Scholars of history have conceived of a great many schemes for dividing human societies and civilisations into groups, ranging from such basic identifiers as time and place - where they are/were in the world, the time in which they flourished – to linguistic and ethnic groupings to social characteristics such as kinship customs or political organisations. In Civilizations, Felipe Fernández-Armesto has chosen instead to organise this overview of many of the world’s cultures, past and present, according to the nature of the physical environment in which they developed. In the process, broad themes about how humans adapt, modify, or adapt to specific kinds of environments emerge and allow us to look at the history of humans on this planet in new and thought-provoking ways.
The result of Felipe Fernandez-Armesto's work is a series of startling and illuminating juxtapositions - the maritime civilizations of the Venetians and the Polynesians; the mountain cultures of Tibet and Papua New Guinea; the lifestyles of the English and the Iroquois.
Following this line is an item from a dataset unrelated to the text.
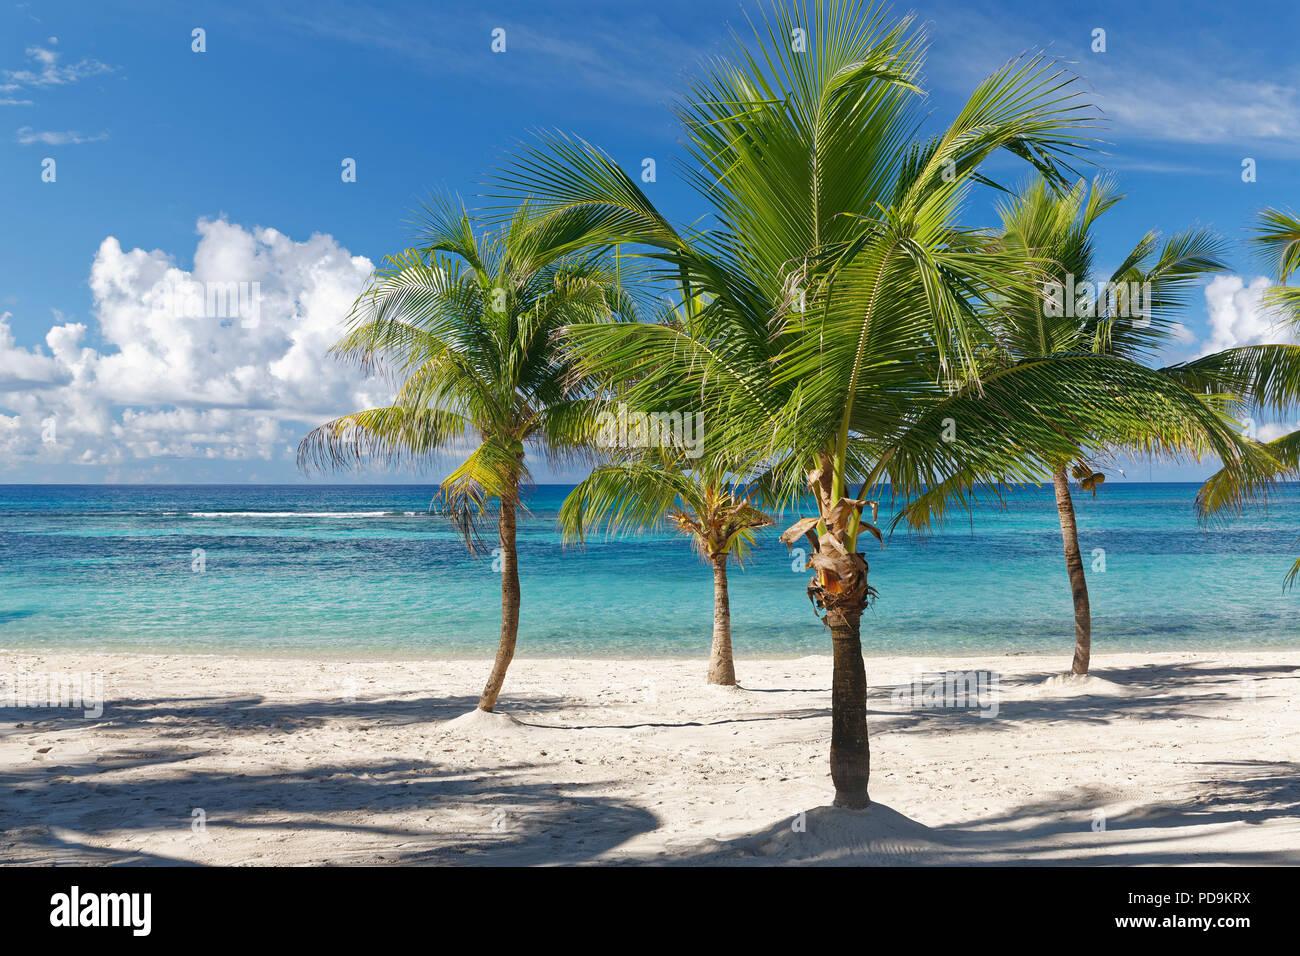 Beach Dream, Sandstrand mit Palmen und türkisblaues Meer, Parque Nacional del Este, die Insel Saona, Karibik, Dominikanische Republik Stockbild

Societies that flourished in the Arctic, the Rain Forest and the Desert are re-evaluated alongside those of the ancient river-valleys of Mesopotamia, Egypt and China, where civilization is conventionally supposed to have started. In this book the search for civilization leads not to Imperial Rome, Enlightenment Paris and Renaissance Florence but rather to the Sahara of the Dawada people, the Aleut Islands of the icy northern Pacific, and the Indian Ocean where the Oran Laut 'boat people'. (source)
Readers of Jared diamond’s work will find some similarities between the approaches of the two authors, although Fernández-Armesto focuses more on the physical geography of environments while Diamond is looking more at ecologies and resources set. Both scholars, however, make us think about our species’ past in terms of its interaction with the world around it, rather than as an isolated force moving though the world, and in today’s world, where our interactions with the world may very well put an end to the future of our species, that’s an important paradigm shift.

Fernández-Armesto is more than an environmental historian, though – he is also a raconteur, and his discussions of each of the civilisations included in this volume contain fascinating bits of information about the people, places and times, small exemplars of the cultures he explores that make even those societies most separated in time and space from the modern developed nations his readers most likely inhabit seem vivid and immediate.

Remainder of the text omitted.